Artistic bright sparks reflect on light, from Turner to today
Displaying some of the world’s finest static masterpieces seems an odd choice for the Australian Centre for the Moving Image, an institution mostly concerned with film, video and animation.
Displaying some of the world’s finest static masterpieces seems an odd choice for the Australian Centre for the Moving Image, an institution mostly concerned with film, video and animation.
But curated under the theme of “light”, their place alongside the museum’s permanent collection is irrefutable.
From Thursday ACMI’s latest exhibition will display a collection of masterpieces from the Tate in Britain celebrating the mastery of capturing light through art and imagery.
The exhibition, titled Light, features 70 works spanning 200 years and includes painting, photography, sculpture, installation, drawing and, of course, the moving image.
In an Australian first, the works of Britain’s most famous painter, JMW Turner, will be among the collection, including his biblical landscape painting The Deluge (1805).

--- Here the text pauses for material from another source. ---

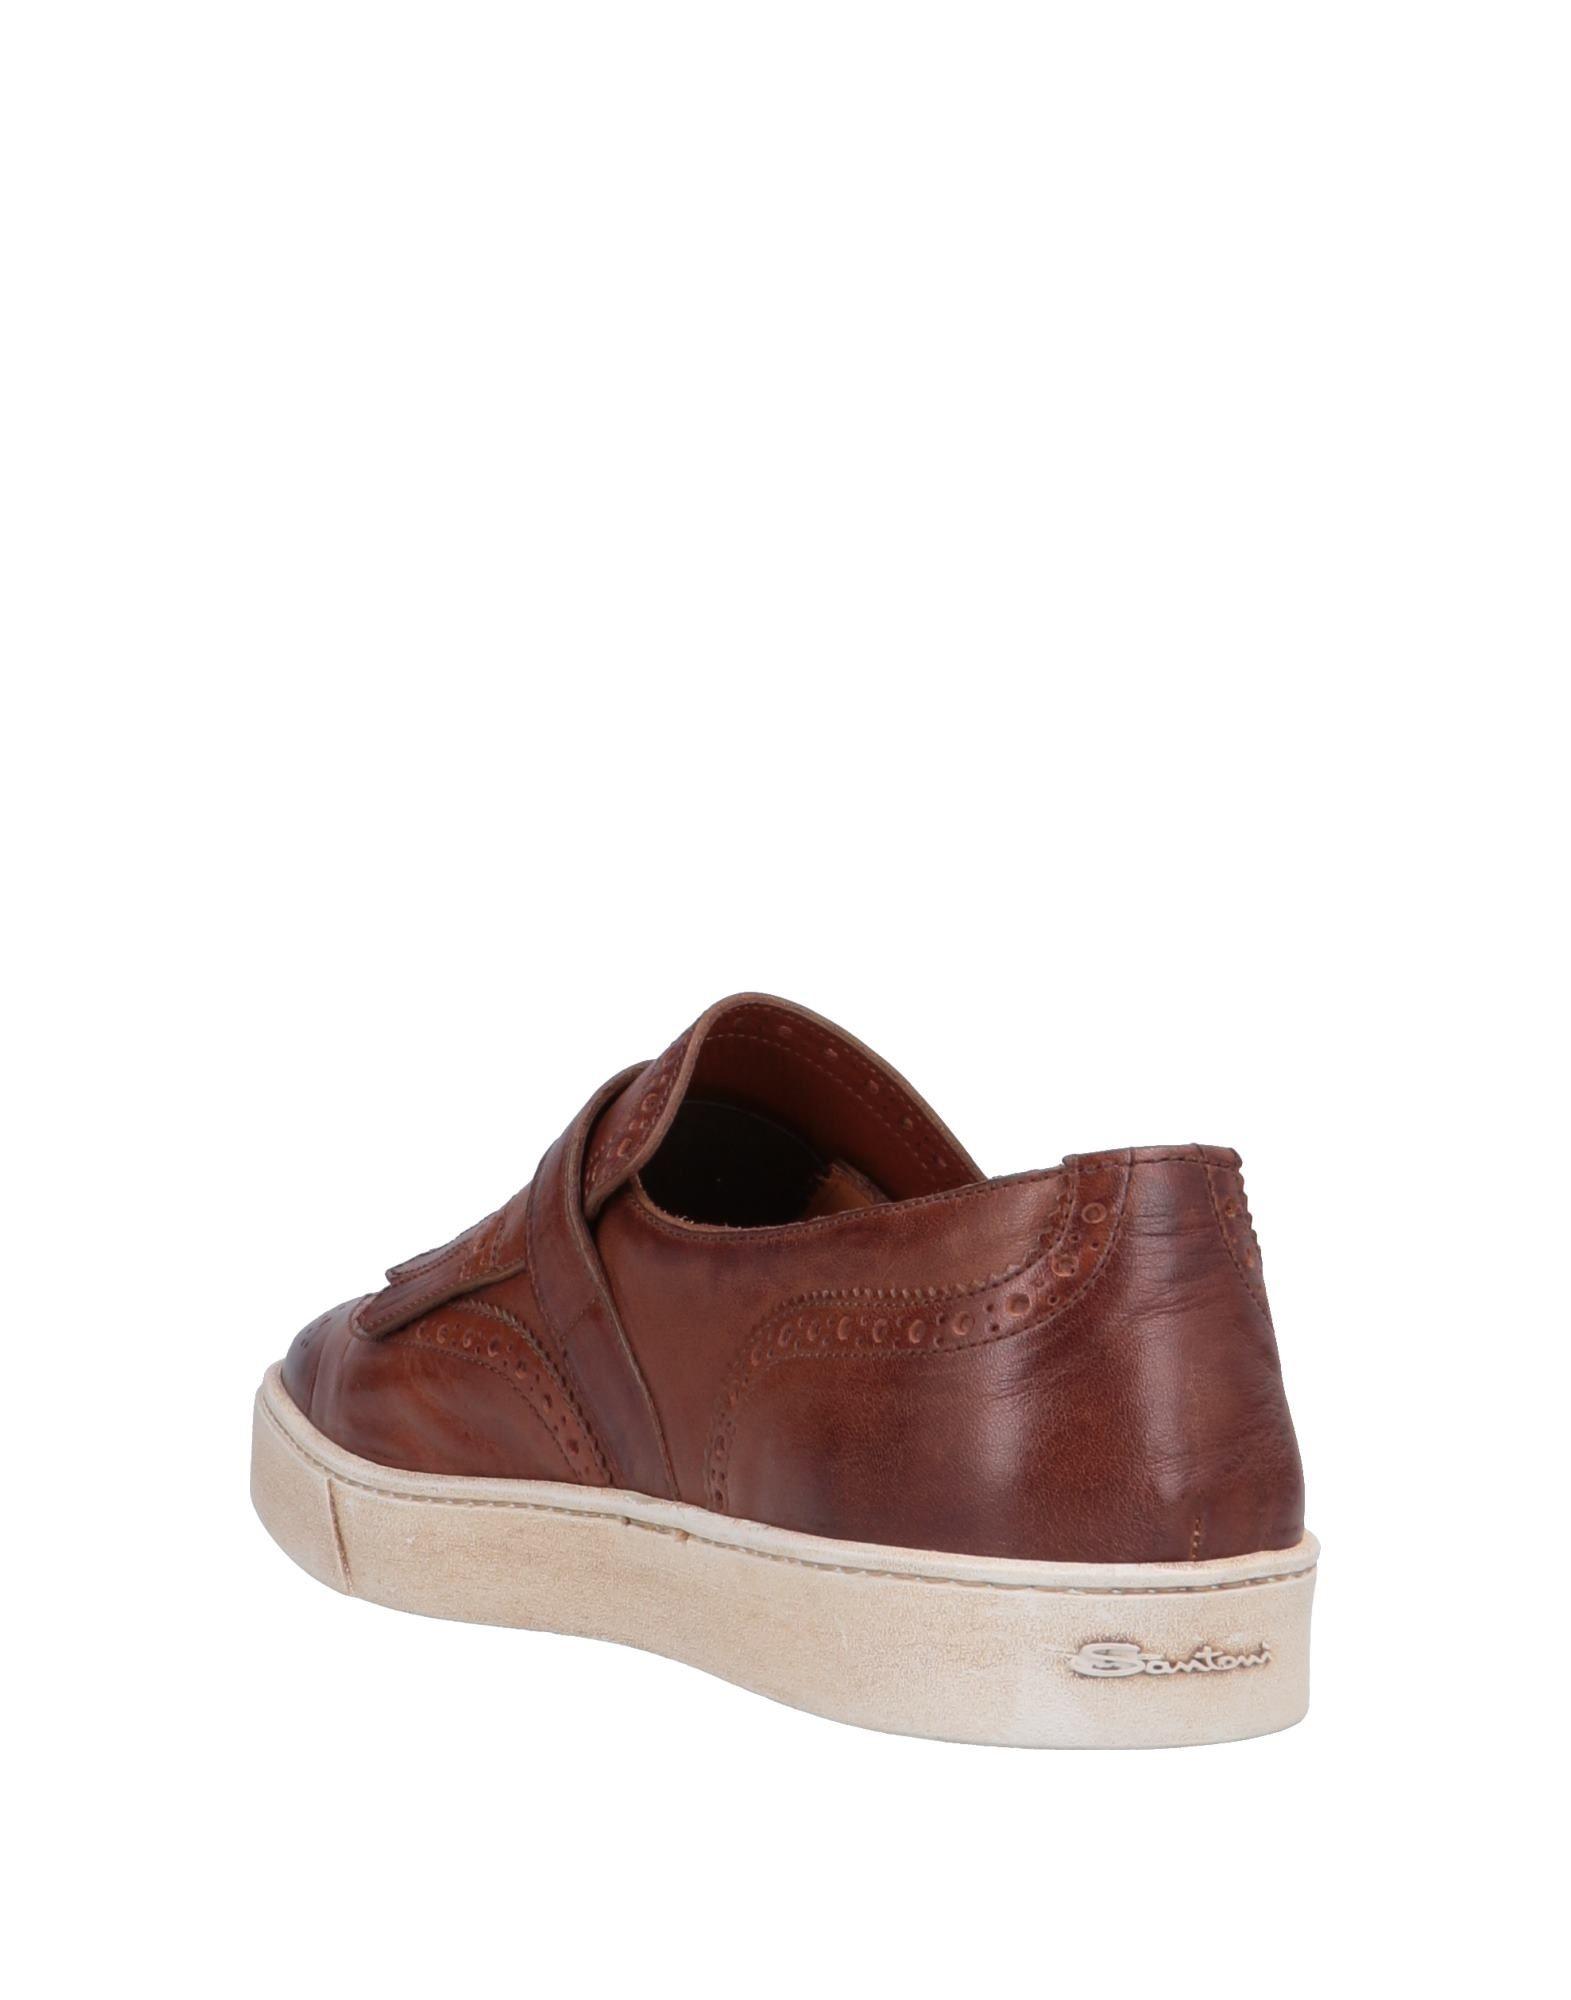 Santoni Sneakers Herren  beliebte 11554672PR Gute Qualität beliebte  Schuhe 6f90af
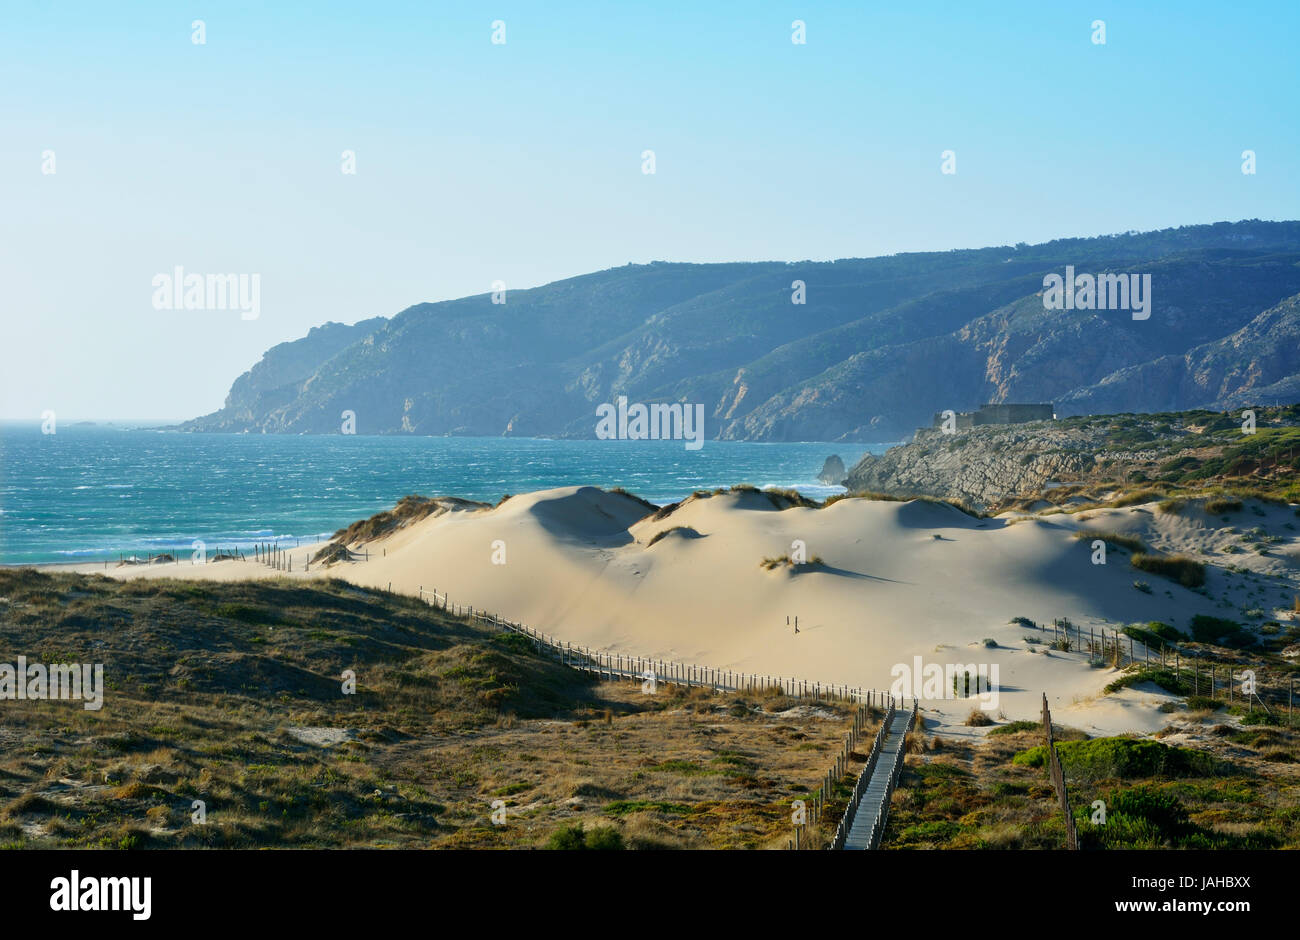 The big dunes of Guincho. Cascais, Portugal Stock Photo

Monet’s The Seine at Port-Villez (1894) will also be on display, along with a series of contemporary works, including James Turrell’s trancelike LED installation Raemar, Blue (1969); Olafur Eliasson’s 2014 sculpture Stardust Particle and Tacita Dean’s 16mm film Lost at Sea (1996).
“Turner’s work is such a striking and beautiful thing, but some of his abstract and, in some ways, more revolutionary works alongside that is really exciting,” ACMI chief curator Sarah Tutton said. “Seeing the different approaches to the world around each artist and their political and social context is really interesting.”
Katrina Sedgwick, the former director of ACMI who now heads the $1.7bn redevelopment of Melbourne Arts Precinct, said harnessing the interrelationships between artists, works, movements and mediums across 200 years allowed experimentation and innovation to be shown.
“Over 200 years ago the great Romantic painter JMW Turner was exploring the behaviour of light, and we see this through seven of his works which feature in the exhibition – his experiments through technical drawings of light reflecting off different surfaces through to his extraordinary paintings,” she said.
Light: Works from Tate’s Collection will run from June 16 to November 13 as part of the Victorian government’s Melbourne Winter Masterpieces series.